Atores de ameaça têm se concentrado em modificar senhas e IPs de PLCs, bloqueando operadores de sistemas críticos. Em casos documentados, empresas brasileiras do setor de saneamento enfrentaram dificuldades operacionais devido a essas ações. Observamos que a alteração de credenciais é uma tática para manter o controle sobre os sistemas, impedindo a intervenção dos operadores. Essa técnica é particularmente eficaz em sistemas que carecem de monitoramento contínuo e resposta a incidentes.

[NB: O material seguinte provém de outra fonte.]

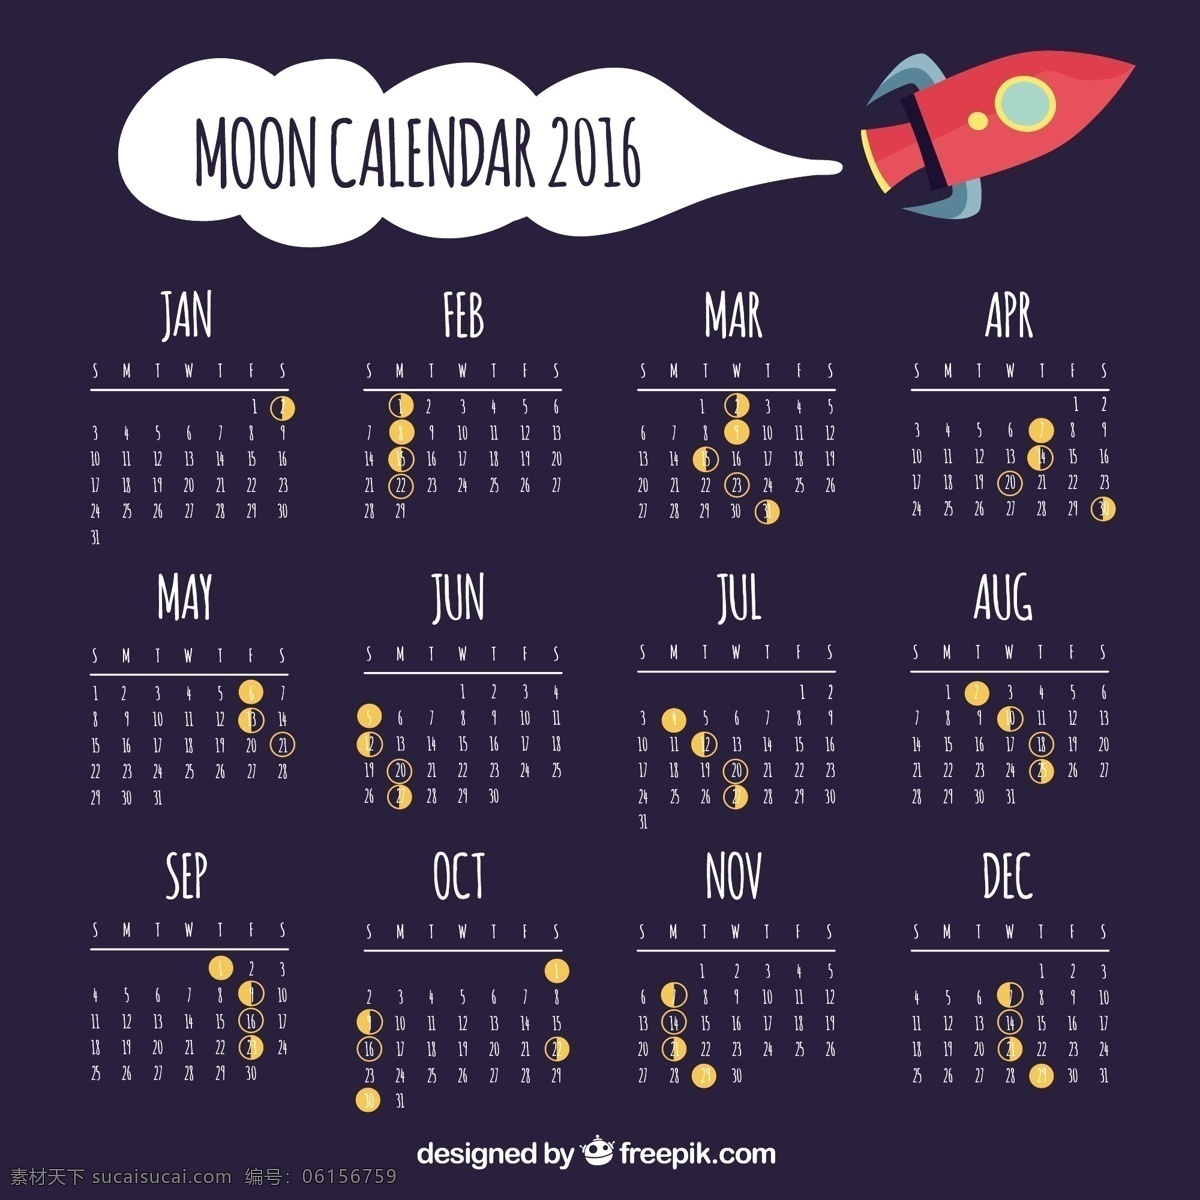 太空船月历 日历 模板 纸张 办公室 空间 月亮 数字 涂鸦 时间 船 夜晚 时间表 议程 日期 计划者 夜空 宇宙 日记 简单 年

Segundo a CISA, os ataques coordenados têm como alvo principal a manipulação de processos industriais. No Brasil, a ANPD está atenta a essas ameaças, especialmente quando envolvem dados sensíveis de consumidores. No IBSEC, destacamos que a manipulação de processos pode levar a contaminação da água ou falhas no fornecimento. Isso não apenas compromete a segurança pública, mas também a confiança na infraestrutura crítica. A integração de soluções de segurança específicas para OT é essencial para mitigar esses riscos.

O alerta da CISA enfatiza a necessidade de medidas de proteção imediatas, incluindo o uso de VPNs para acesso remoto seguro. Muitas empresas brasileiras ainda utilizam conexões diretas e desprotegidas, expostas a ataques. No IBSEC, ensinamos que o uso de VPNs é uma prática básica para proteger comunicações, mas deve ser complementada com autenticação multifator e monitoramento de atividades. Essas medidas são partes de uma abordagem de segurança em camadas, essencial para proteger infraestruturas críticas.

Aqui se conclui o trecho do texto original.